When he cut his bike’s engine, he heard chickens clucking softly and the
distant lowing of cows. He guessed a place like this had to be as
self-sufficient as possible—the better to keep outsiders away. What he couldn’t
see or hear was people, and that was just plain creepy. The silence and
emptiness of the village was oppressive.
He left his bike leaning against a
rotting wooden fence and waited for Wolf to join him. The mindless rage that
drove him here still burned away in his blood, but the ride had cleared his
head a little. It was tempting as hell to just rip through the town on his
bike, stir up some trouble, rattle some cages and tear off again. But that
wouldn’t help Beth or avenge Mia. If anything, it could make things much worse.
He needed Abram and the whole fucking cult to know that his woman was
off-limits. That any woman Wild Blood cared for was off-limits. And that
justice for hurting them would come fast and hard. He needed to send a message.
“What’s the plan?” Wolf asked,
coming to his side.
Tanner scanned the streets, looking
for a church or chapel. It seemed the obvious place to start. “Let’s find the
bastard in charge and see if we can change his views on a few things.”
“
Shoulda
brought a baseball bat.”
Wolf mimed swinging one. “Nothing gets a man’s
attention like one of those aiming for his balls.”

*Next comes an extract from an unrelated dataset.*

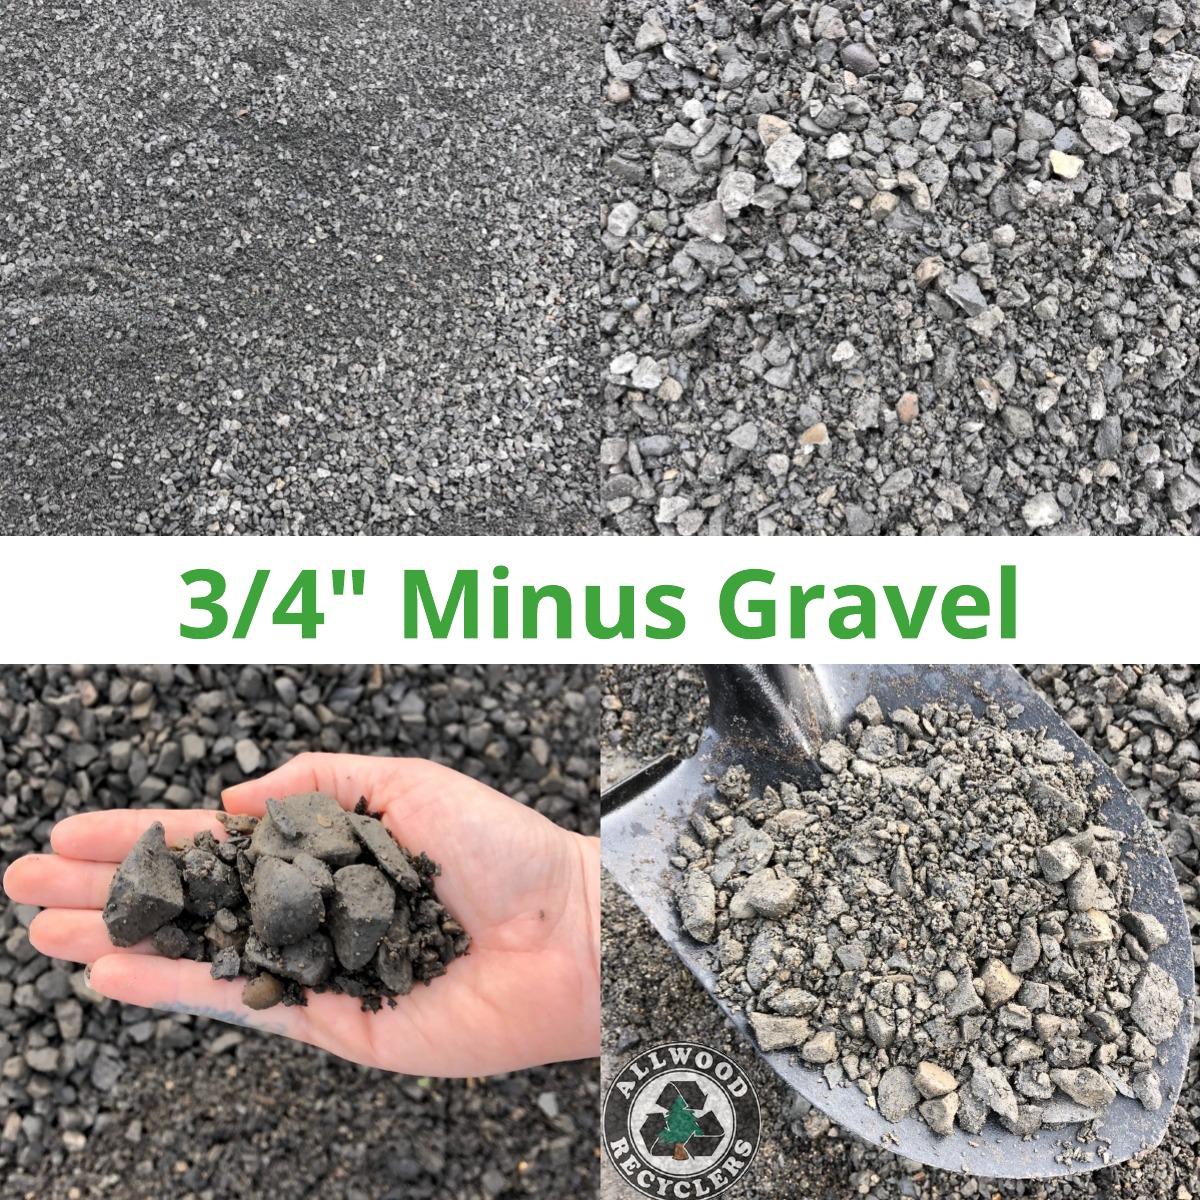 3/4 Minus Gravel

Tanner smirked, amused despite
himself. “
You talking
from personal experience?”
“I broke a lot of knees back home.
A lot of knees and a lot of hearts.
Sometimes
one lead to the other.”
Wolf grinned, but a shadow passed over his face,
making him look older for a second.
Tanner didn’t know much about Wolf.
He’d been a prospect while Tanner was in prison, and newly patched in when he
came out. He came from Louisiana, he liked to fuck, he liked to fight, and that
was it. Another time, when Beth was safe, Tanner would ask him what he left
behind to join Wild Blood, what shadows hung over him. But it wasn’t important
right now.
The church stuck out like a nun in
a whorehouse. Smack in the center of the village, it was a gleaming white
wooden building, looking fresh and vibrant among the dust and drear of the
other buildings. Low music swelled inside, hinting at where all the people
might be.
“Think they’ll swarm us?” Wolf
asked, clearly thinking the same thing.
“You worried about taking on a
bunch of church-goers?”
Wolf shrugged. “Let’s hope they
don’t practice human sacrifice, is all.”